An important goal of AD research is to identify interventions that maintain brain function, potentially by inhibiting the formation or improving the clearance of neurotoxic aggregates, or by promoting resistance to, or recovery from, damage. A number of biological processes have been associated with AD, including cholesterol metabolism, inflammation, and response to misfolded proteins such as increased expression of heat shock proteins . The link with lipid metabolism is supported for example by the essential role of APOE in lipid transport in the brain , . However, these processes have not been unequivocally ordered into a pathogenic cascade, and the molecular mediators and correlates of each are largely unknown.
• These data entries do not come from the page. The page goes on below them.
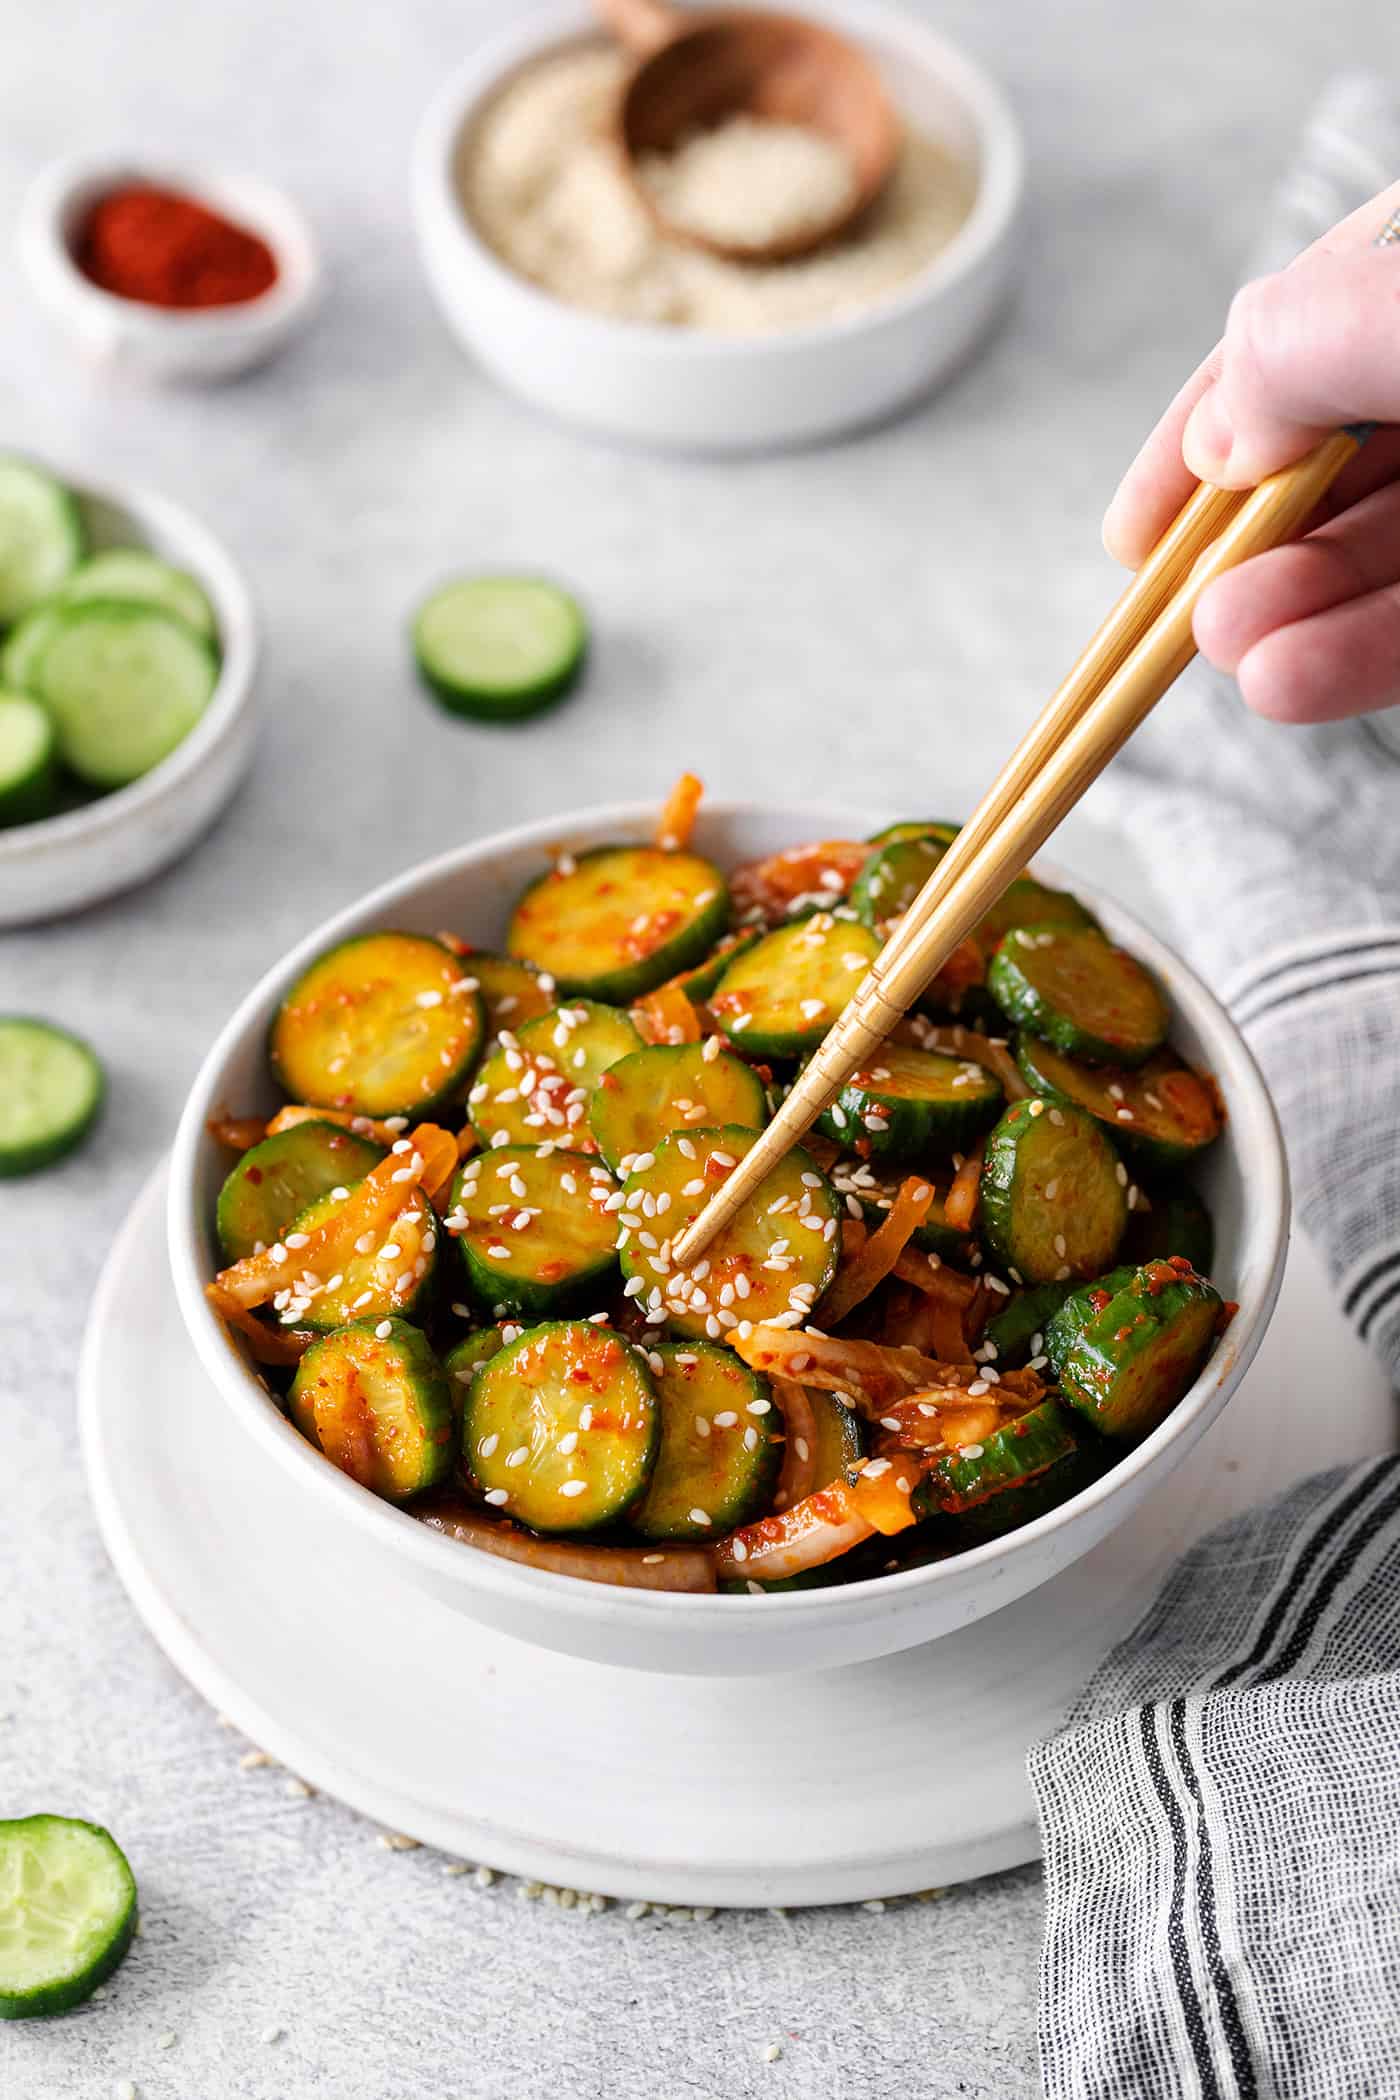 Chopsticks grabbing cucumber kimchi from a bowl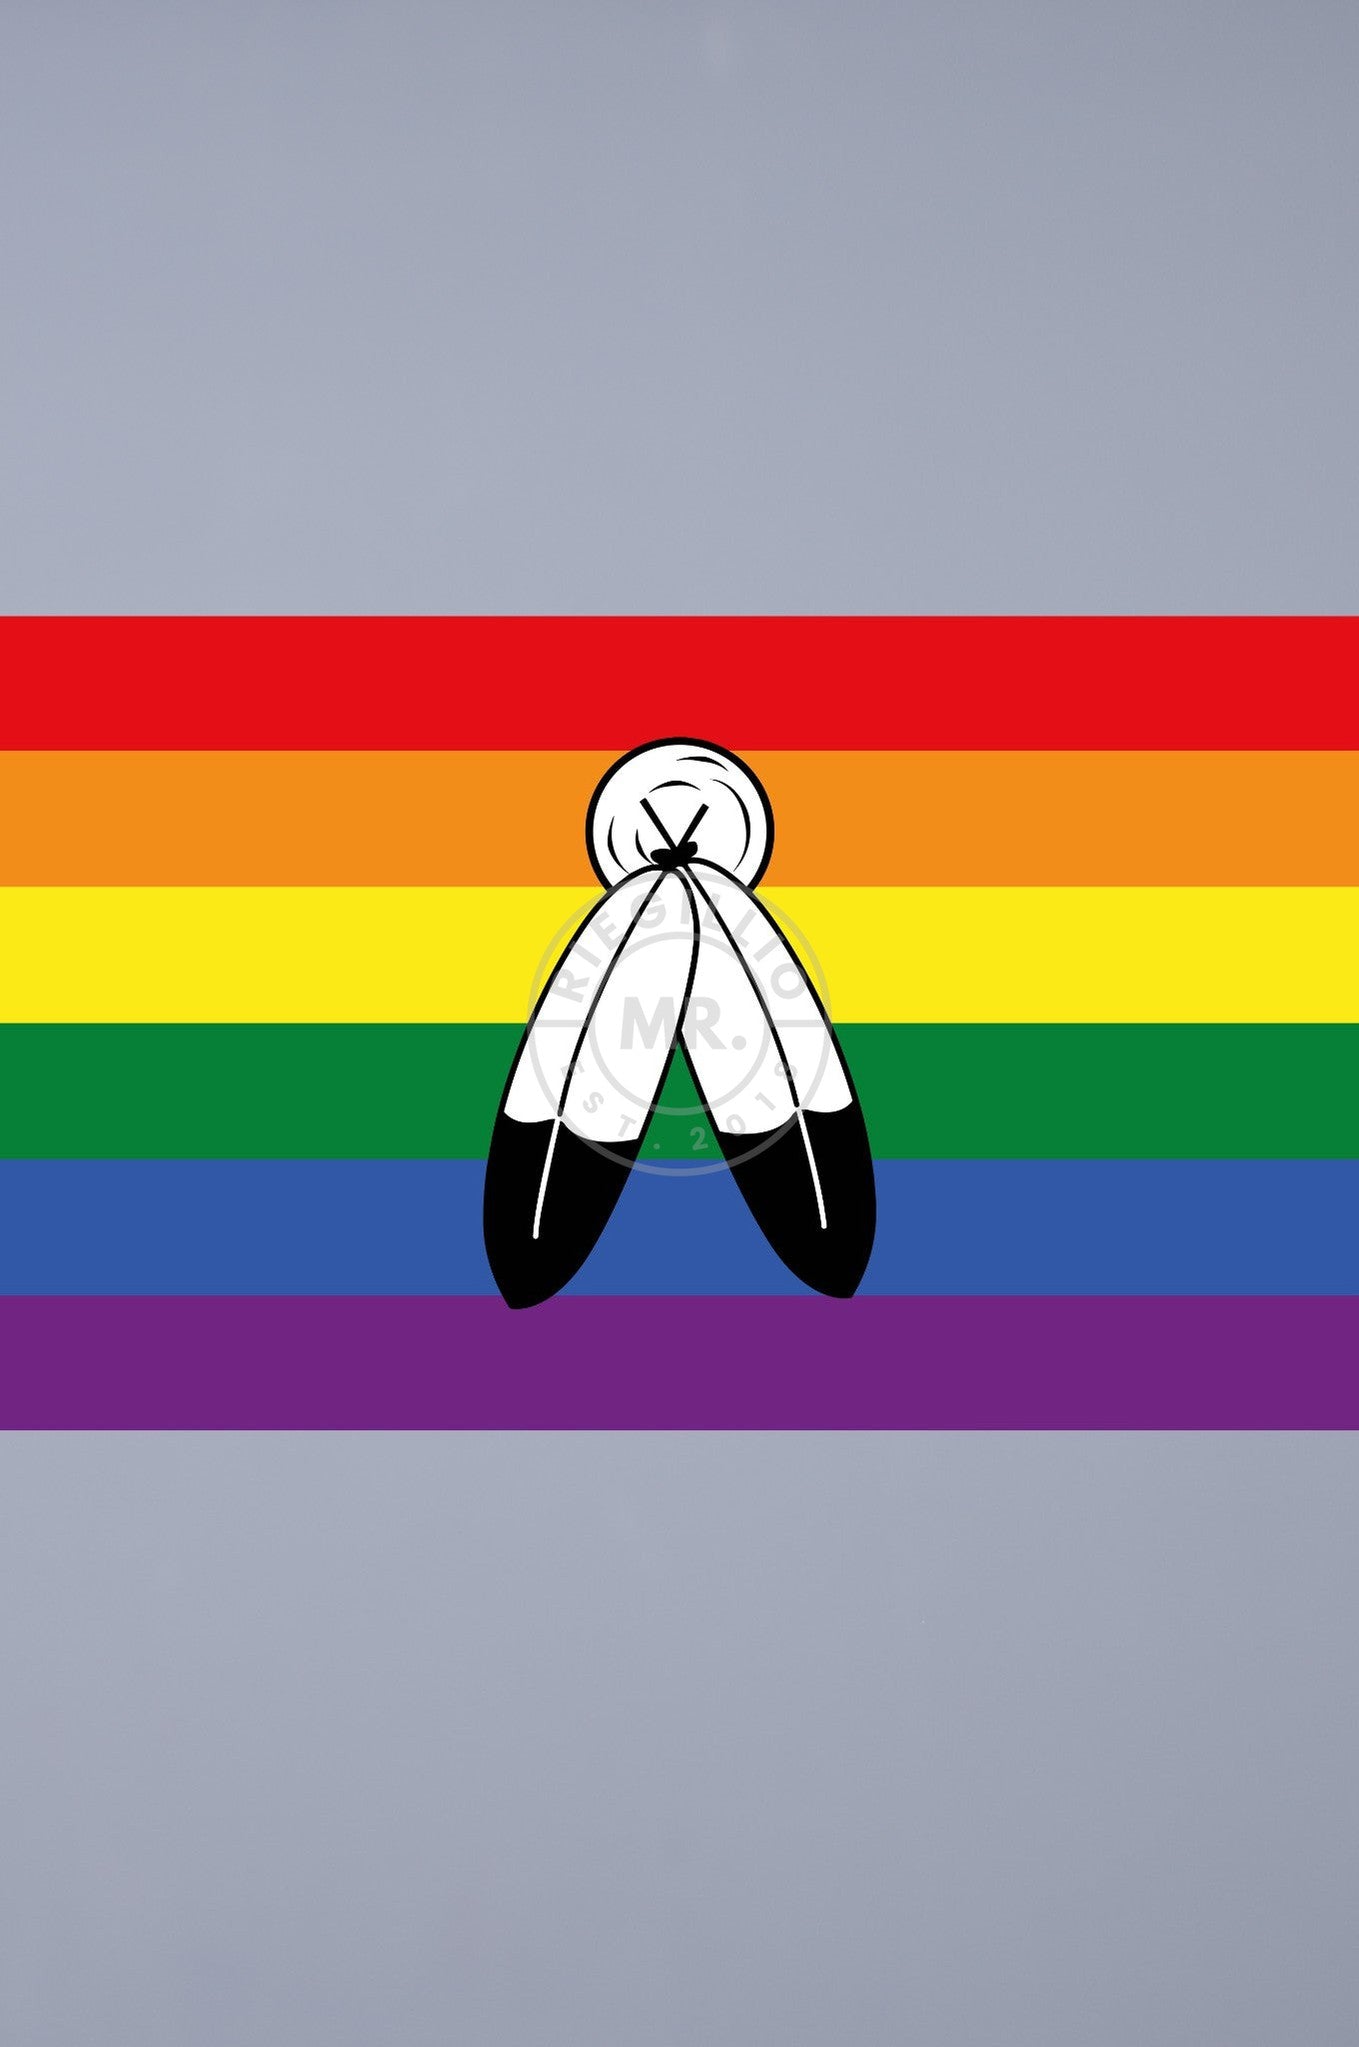 Pride Flag - Two-Spirits - 90 x 150 cm at MR. Riegillio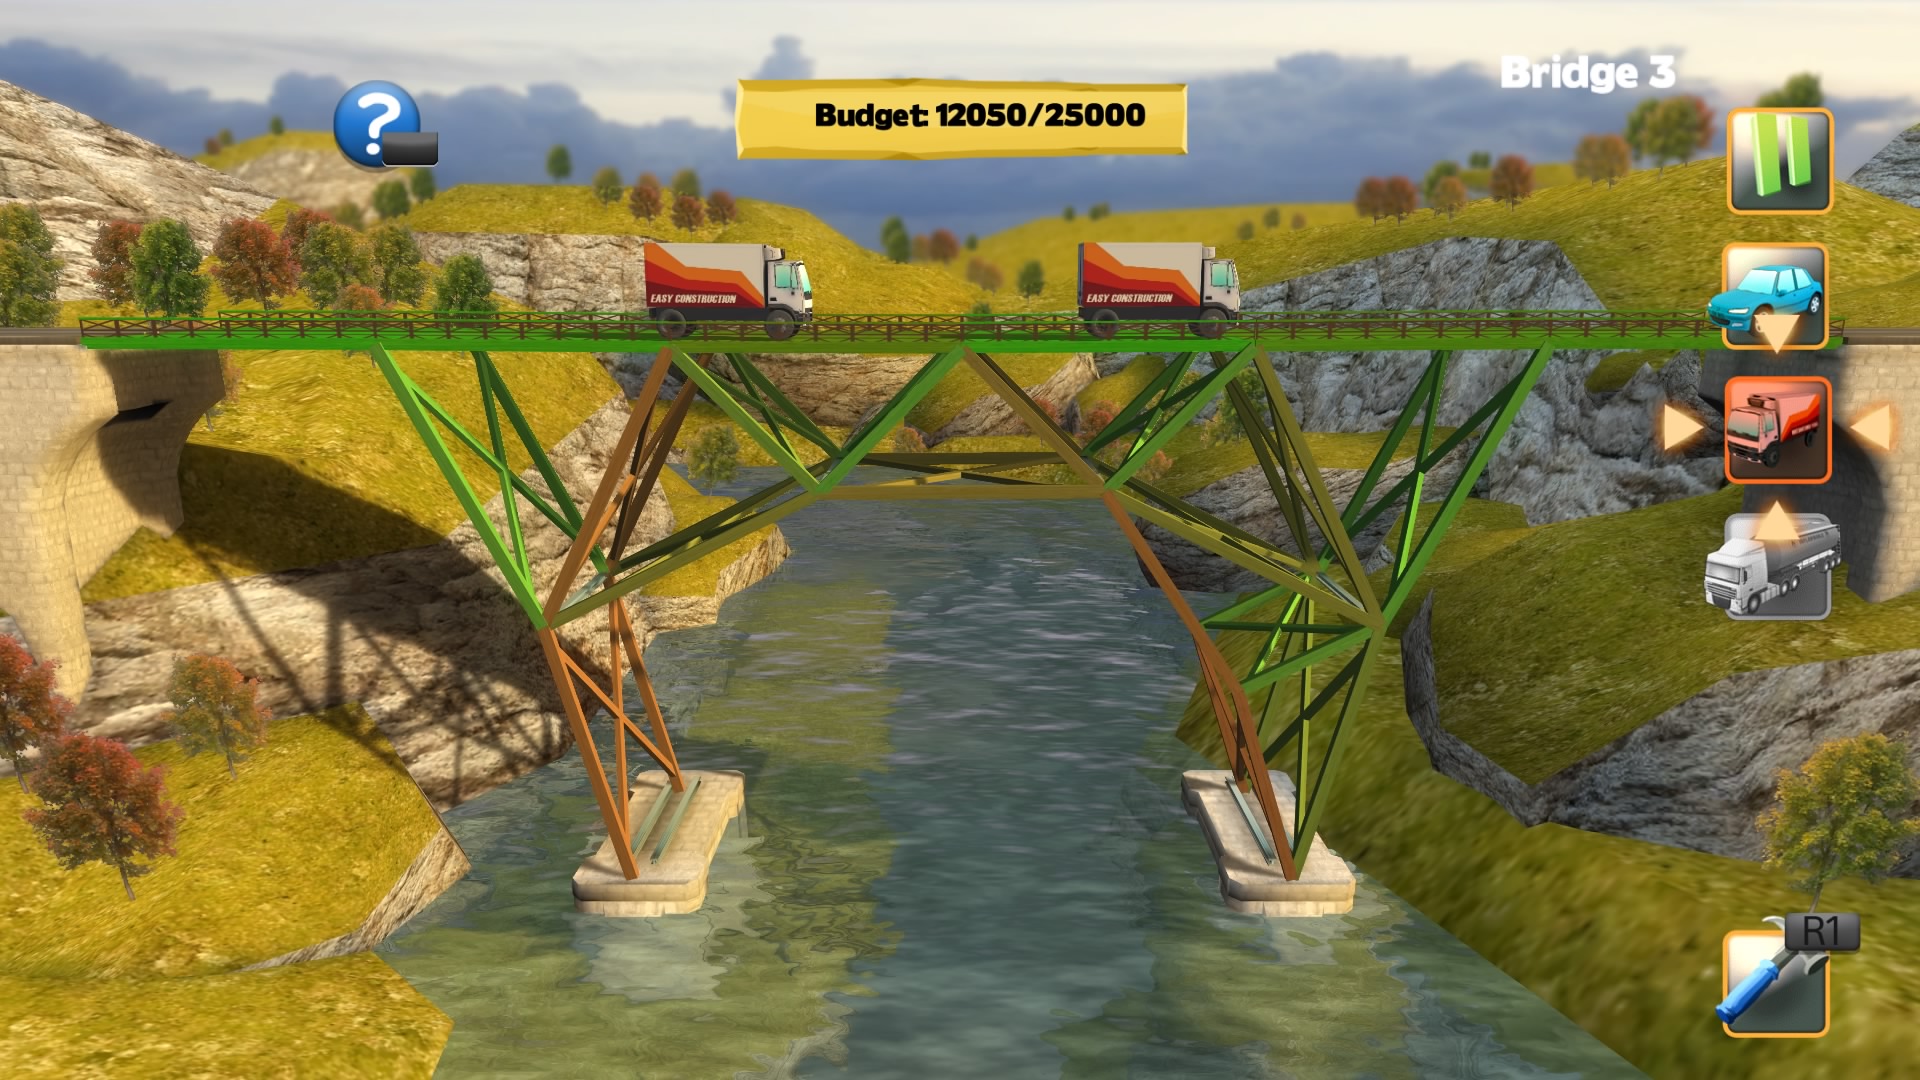 bridge constructor portal physical release

Microarray gene expression profiling provides an opportunity to observe processes that are common for normal aging, AD, and other neurodegenerative diseases, as well as to detect the differences between these conditions and disentangle their relationships. We profiled over six hundred postmortem samples assembled in the Harvard Brain Tissue Resource Center (HBTRC, McLean Hospital, Belmont, MA). We used metagene (factor) analysis , , , ,  to distinguish several major gene expression patterns involved in brain aging and disease and to quantitatively define the corresponding biomarker scores. The correlation analysis of the biomarker scores between three profiled brain regions revealed systemic effects of the same disease processes on different brain regions. We also propose a model of Alzheimer's disease progression that specifies the complex sequence of molecular pathological events associated with the disease that are driven by aging, which appears as the main factor in the disease initiation and progression , .
The dataset comprises gene expression data from brain tissues that were posthumously collected from more than 600 individuals with AD diagnosis, HD diagnosis, or with normal non-demented brains. All brains were obtained from individuals for whom both the donor and the next of kin had completed the Harvard Brain Tissue Resource Center Informed Consent (form available at: http://www.brainbank.mclean.org/PDF files/Consent.pdf). All tissue and research were conducted according to the Harvard Brain Tissue Resource Center Guidelines (including: HUMAN TISSUE HANDLING RISKS & SAFETY PRECAUTIONS agreement; HUMAN TISSUE SINGLE USER agreement, and HBTRC ACKNOWLEDGMENT agreement, available at http://www.brainbank.mclean.org/PDF files/TissueRequest.PDF). The study was approved by McLean Hospital Institutional Review Board.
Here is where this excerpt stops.